Another major benefit of the expressions being stored in the Expr object and therefore as an AST, is the included operator precedence. Because it is a tree where the leaves are the constants, variables or parameters (also called terminal symbols) and the nodes are the operators, the correct result will be calculated when evaluating the tree from bottom to top. As can be seen in Figure \ref{fig:expr-ast}, the expression $1 + x_1 \, \log(p_1)$, when parsed as an AST, contains the correct operator precedence. First the bottom most subtree $\log(p_1)$ must be evaluated before the multiplication, and after that, the addition can be evaluated.

It should be noted however, that Julia stores the tree as a list of arrays to allow a node to have as many children as necessary. For example the expression $1+2+\dots+n$ contains only additions, which is a commutative operation, meaning that the order of operations is irrelevant. The AST for this expression would contain the operator at the first position in the array and the values at the following positions. This ensures that the AST is as minimal as possible.

\begin{figure}
	\centering
	\includegraphics[width=.45\textwidth]{expr_ast.png}
	\caption{The AST for the expression $1 + x_1 \, \log(p_1)$ as generated by Julia. Some additional details Julia includes in its AST have been omitted as they are not relevant.}
	\label{fig:expr-ast}
\end{figure}

\subsubsection{Parsing}
To convert the AST of an expression into the intermediate representation, a top-down traversal of the tree is required. The steps for this are as follows:

\begin{enumerate}
	\item Extract the operator and convert it to its opcode for later use.
	\item Convert all constants, variables and parameters and operators to the object (expression element) described in Section \ref{sec:ir}.
	\item Append the expression elements to the postfix expression.
	\item If the operator is a binary operator and there are more than two expression elements, append the operator after the first two elements and then after each element.
	\item If a subtree exists, apply all previous steps and append it to the existing postfix expression.
	\item Append the operator
	\item Return the generated postfix expression/intermediate representation.
\end{enumerate}

The validation of the expression is performed throughout the parsing process. Validating that only correct operators are used is performed in step 1. To be able to convert the operator to its corresponding opcode, it must be validated that an opcode exists for it, and therefore whether it is valid or not. Similarly, converting the tokens into an expression element object ensures that only valid variables and parameters are present in the expression. This is handled in step 2.
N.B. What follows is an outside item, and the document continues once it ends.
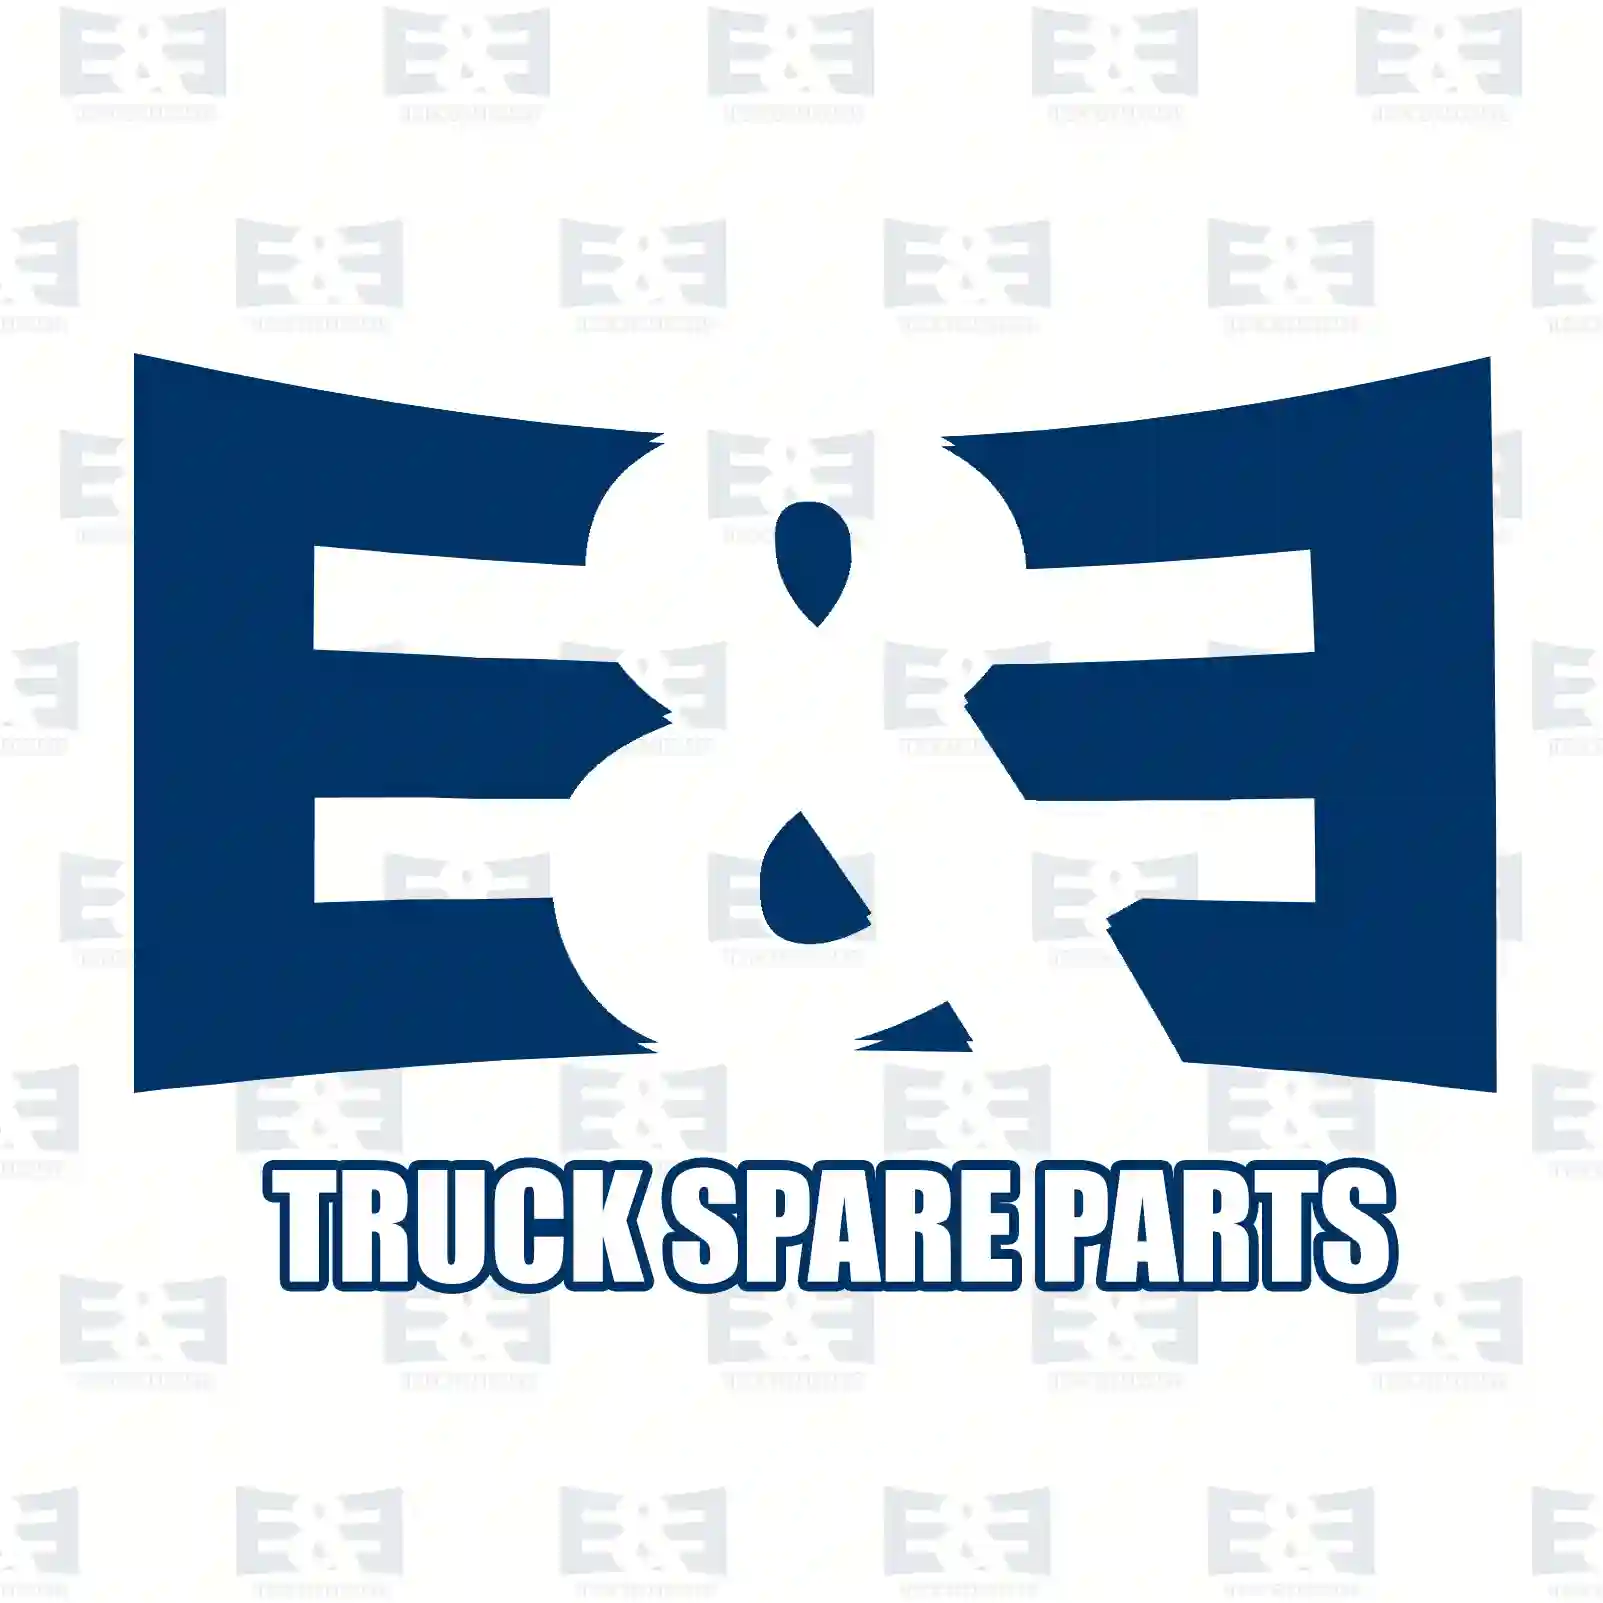 Fan Fan with clutch, EE No 2E2201021 ,  oem no:7420923583, 20765694, 21377002 E&E Truck Spare Parts | Truck Spare Parts, Auotomotive Spare Parts
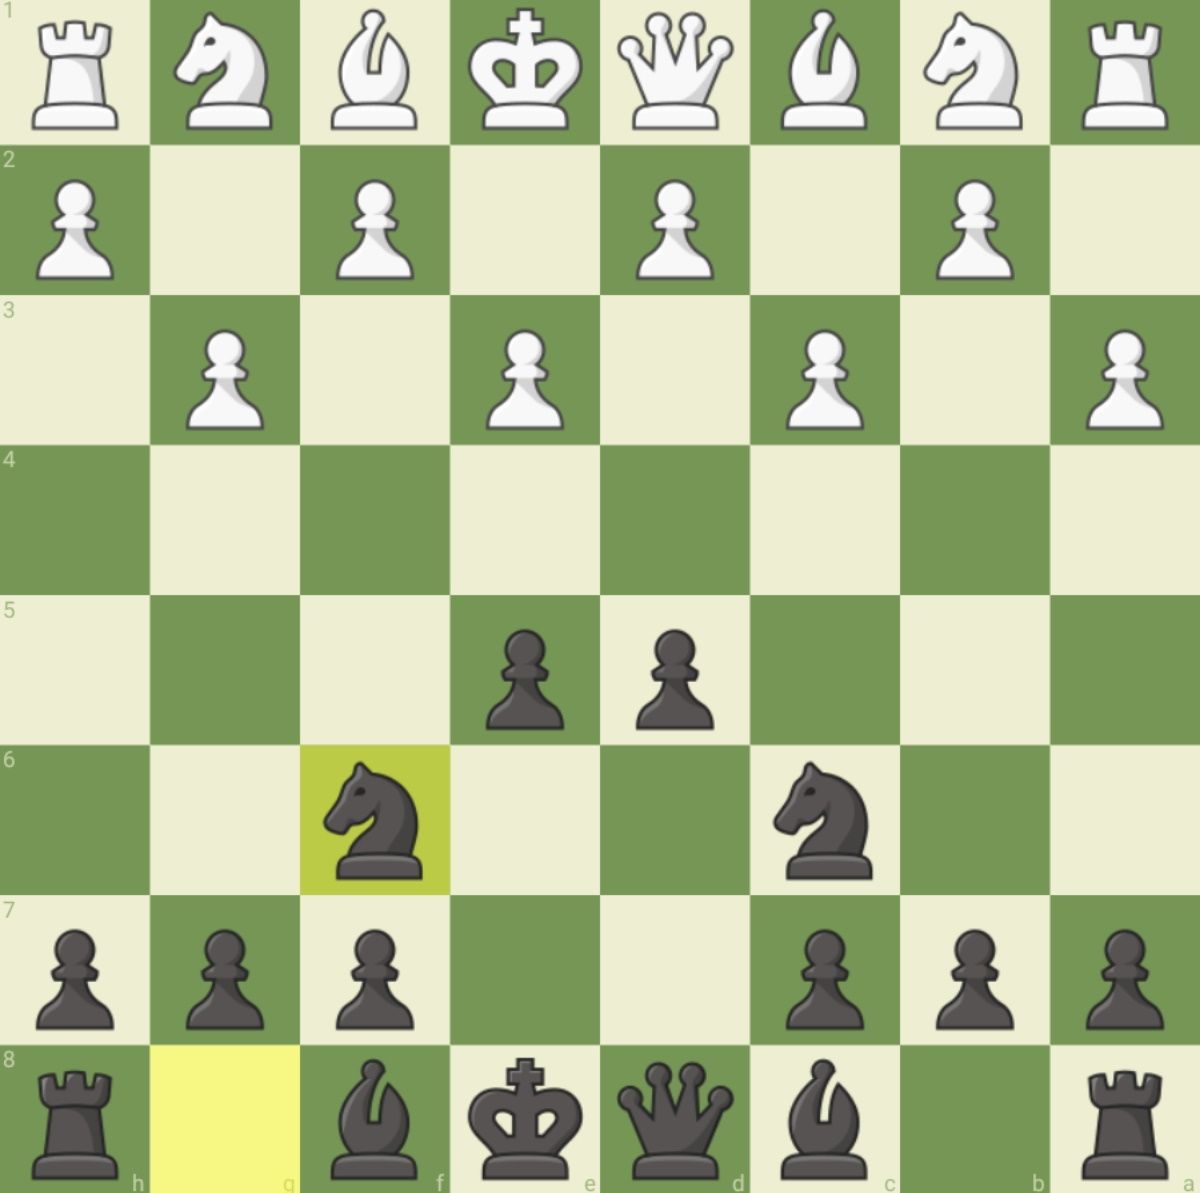 Is Chess Fun, Frustrating, or Futile?

As explained above, a node of a binary operator can have $n$ children. In these cases, additional handling is required to ensure correct conversion. This handling is summarised in step 4. Essentially, the operator must be added after the first two elements, and for each subsequent element, the operator must also be added. The expression $1+2+3+4$ is converted to the AST $+\,1\,2\,3\,4$ and without step 4 the postfix expression would be $1\,2\,3\,4\,+$. If the operator is added after the first two elements and then after each subsequent element, the correct postfix expression $1\,2\,+\,3\,+\,4\,+$ will be generated.

Each subtree of the AST is its own separate AST, which can be converted to postfix notation in the same way the whole AST can be converted. This means that the algorithm only needs to be able to handle leave nodes, and when it encounters a subtree, it recursively calls itself to parse the remaining AST. Step 5 indicates this recursive behaviour.

While the same expression usually occurs only once, sub-expressions can occur multiple times. In the example in Figure \ref{fig:expr-ast}, the whole expression $1 + x_1 \, \log(p_1)$ is unlikely to be generated more than once by the symbolic regression algorithm. However, the sub-expression $\log(p_1)$ is much more likely to be generated multiple times. This means that the generation of the intermediate representation for this subtree only needs to be done once and can be reused later. Therefore, a cache can be used to store the intermediate representation for this sub-expression and access it again later to eliminate the parsing overhead.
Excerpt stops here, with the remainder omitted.